Can anyone recommend a firm that hires motorhomes in Australia for extended trips? 

We can't ship ours over there, so will have to buy or hire. Trying to work out which will be most cost effective. Would welcome any advice from anyone who has toured Australia & either bought or hired.

Thanks,

Tony


----------



## nickoff (Oct 11, 2005)

Hi Tony, Britz is one of the bigger companys that hire in Oz. If you have the time and inclination it might be better to buy a van over there and sell before you return.

hth, Nick.


----------



## ksebruce (Nov 5, 2006)

Hi, I hope you don't mind me asking but my son has just secured a job in Aussie and once he settles in we thought we might ship our m/home and spend say a year over there. Is the cost of shipping your own prohibitive?


----------



## nickoff (Oct 11, 2005)

Hi ksebruce, I think that you will find that not only is the price to ship over prohibitive but the paperwork and customs etc are horrendous.

Nick.


----------



## ksebruce (Nov 5, 2006)

Thanks nickoff we might try the buy n sell option as we are thinking of a year or so


----------



## 103165 (Feb 25, 2007)

*Exchanging Motorhomes/RVs/Campervans*

Hi Tony
Have you ever thought about exchanging your motorhome? I have started a new website for doing exactly that www.motorhomeholidayswap.com

It works the same as house holiday swaps but for motorhomes, campervans and RVs. There are 15 people registered from Australia at the moment looking for swaps, and also lots of other countries if you fancied somewhere else. Plus the website is running free at the moment.

Hope this helps.

Chris


----------



## Grizzly (May 9, 2005)

TONYW said:


> Can anyone recommend a firm that hires motorhomes in Australia for extended trips?
> 
> Tony


I can tell you a firm that I would NOT recommend, based on the experiences of friends of ours. I hesitate to name them publically but if you PM me I'll name them.

G


----------



## 103633 (Mar 28, 2007)

*touring australia*

Thanks for the info re Britz. Had a quick look at their site & they've got quite a good choice. However, when I did a search for a 6 month hire it came up at $35 - $40,000 Aus dollars!!!!

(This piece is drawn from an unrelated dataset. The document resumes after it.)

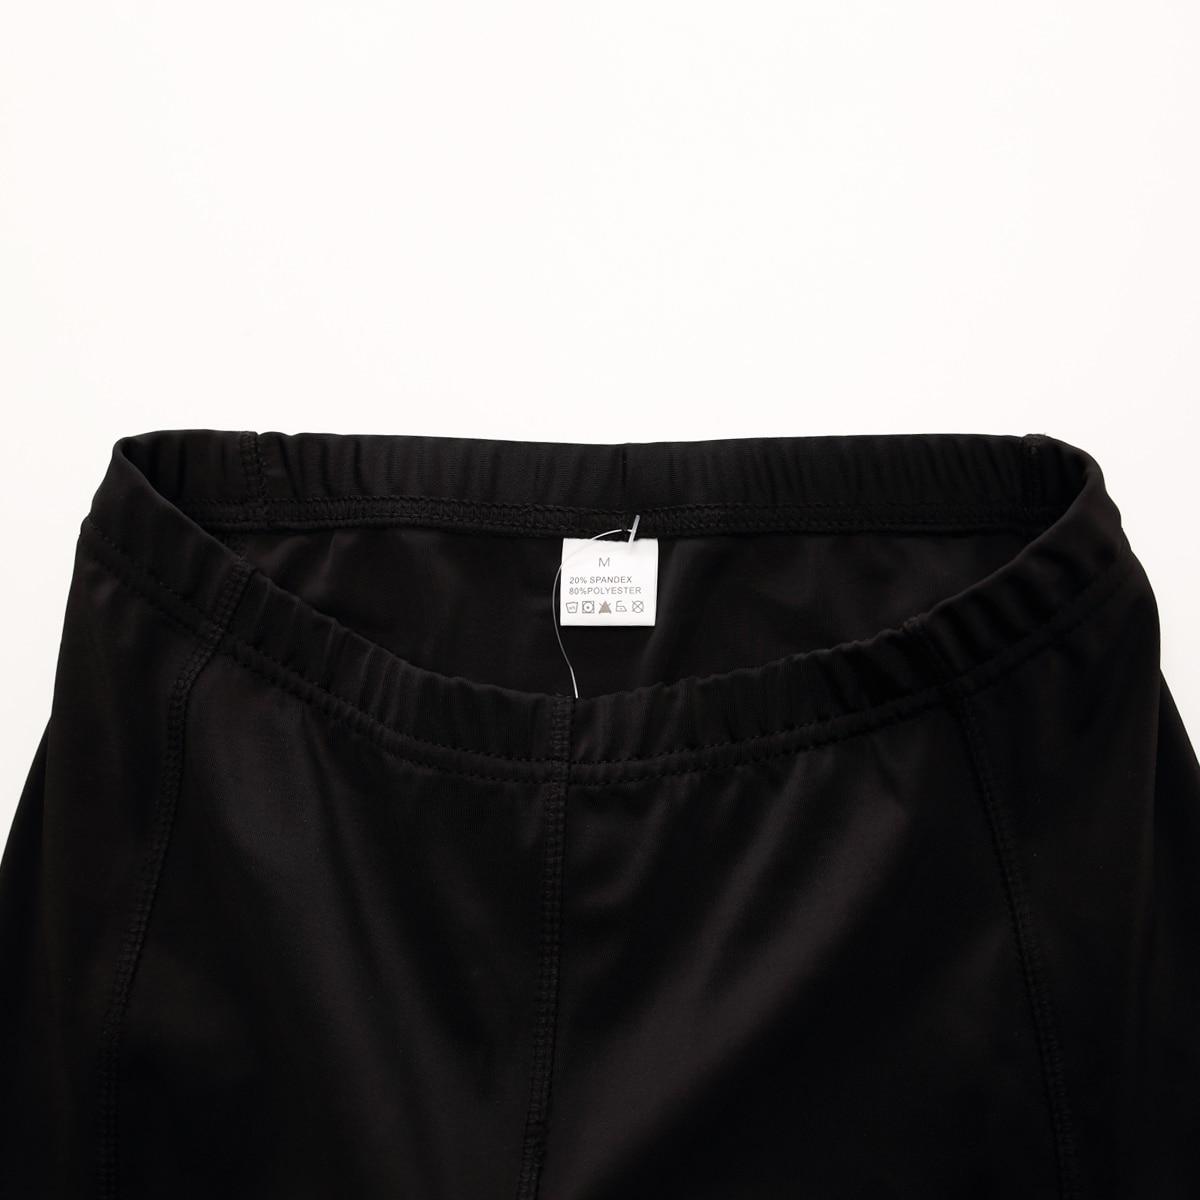 rápida pro ciclismo shorts roupas de bicicleta ropa ciclismo

I must admit I'd never thought of doing a swap! I've heard of house swaps, but not motorhomes - what a brilliant idea. Bit nervous about loaning my 'pride & joy' to a stranger, but I suppose they'd feel the same about me, & I know I'd take extra special care of someone else's property. Well worth looking into further, it would certainly save a fortune!

Tony


----------



## Grizzly (May 9, 2005)

Tony; PM in answer to yours just posted.

G


----------



## ChrisWade (Jul 3, 2006)

*Sydney Dealer?*

Hoping this isn't straying too far from topic...

In a recent magazine I saw something about the son of the Brownhills founder setting up a dealership in Australi (Sydney, I think). Can anyone direct me to a website, or to the mag article?

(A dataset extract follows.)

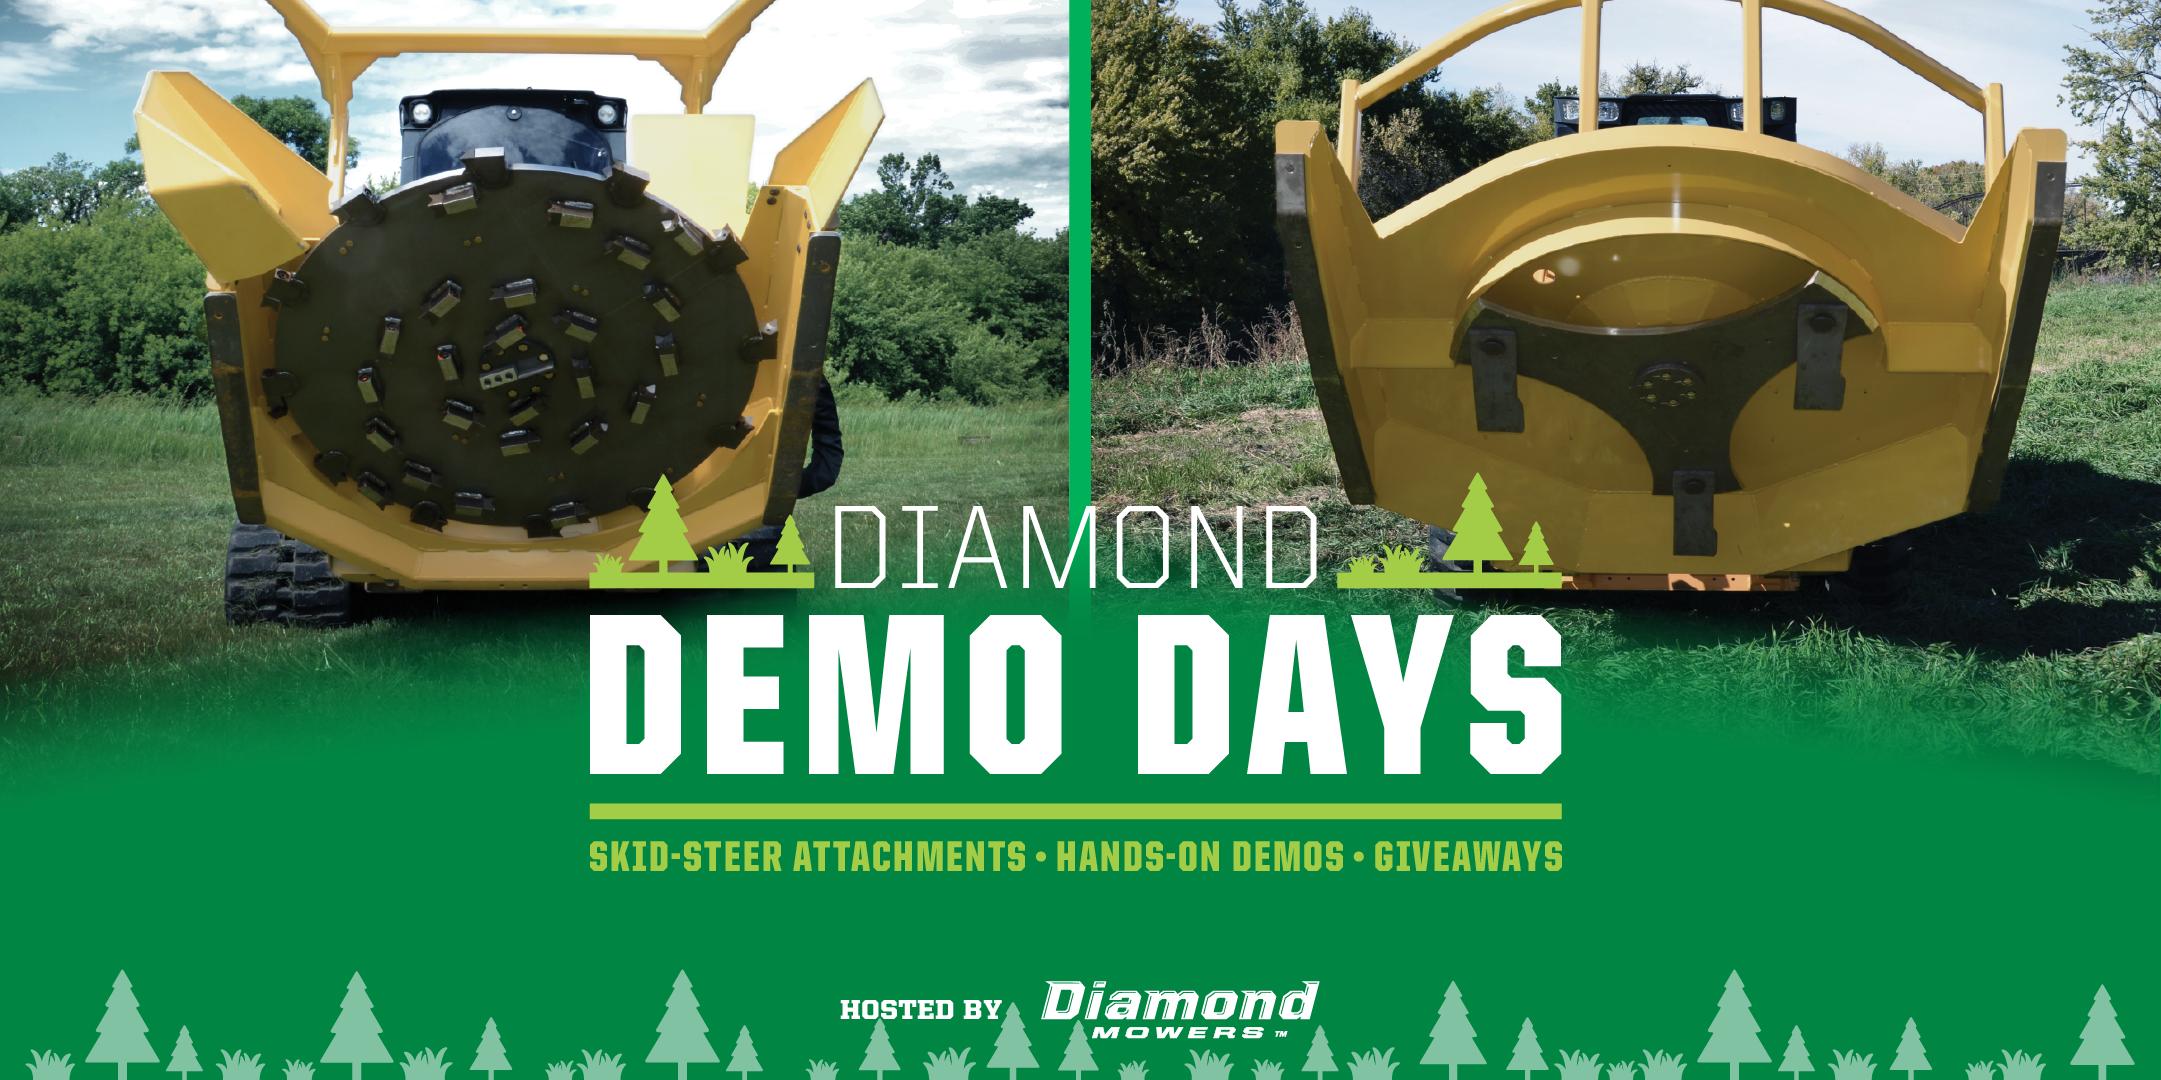 diamond-demo-days_landing-page-banner_2160x1080_v1.png

(Please, no more pops at Brownhills!)


----------



## nukeadmin (Oct 10, 2003)

> In a recent magazine I saw something about the son of the Brownhills founder setting up a dealership in Australi (Sydney, I think). Can anyone direct me to a website, or to the mag article?


I have had a communique from Brownhills (thx Ruth) to say the following:

"Someone on Motorhome Facts is looking for Jeremy Pearce, son of the founder of Brownhills who now has a dealership in Sydney.

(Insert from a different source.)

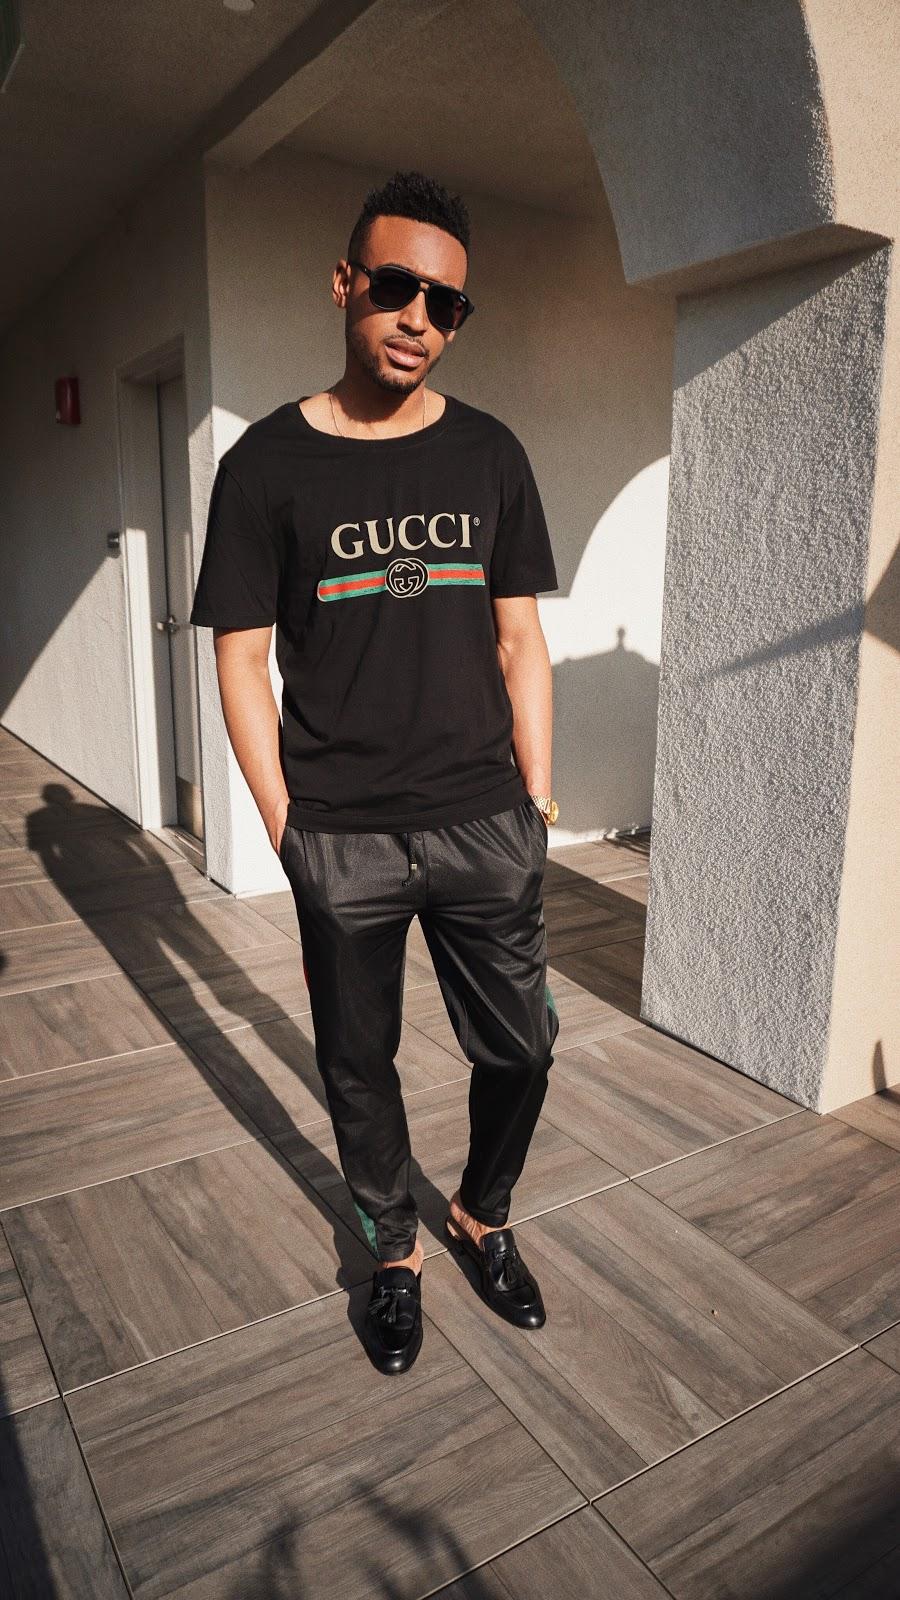 gucci tshirt mens gucci tshirt mr.porter gucci tee gucci logo t-shirt

Jeremy has a website for his dealership which is www.sydneyrvcentre.com.au"

Hope that helps Fireman


----------



## ChrisWade (Jul 3, 2006)

*Sydney RV Centre*

That's the one! Well done, and thanks.


----------



## zaskar (Jun 6, 2005)

[quote="nukeadminJeremy has a website for his dealership which is www.sydneyrvcentre.com.au"

Hope that helps Fireman [/quote]

........and talking of which, this might interest the RVers.

http://www.sydneyrvcentre.com.au/images/U356(1)lowres.JPG

I've often wondered about the possiblity of an RV on a Jap chassis.
More power per CC ? ( the chevvy is after all a very old design).
Better MPG ?
More spares/service availability?

Just a thought


----------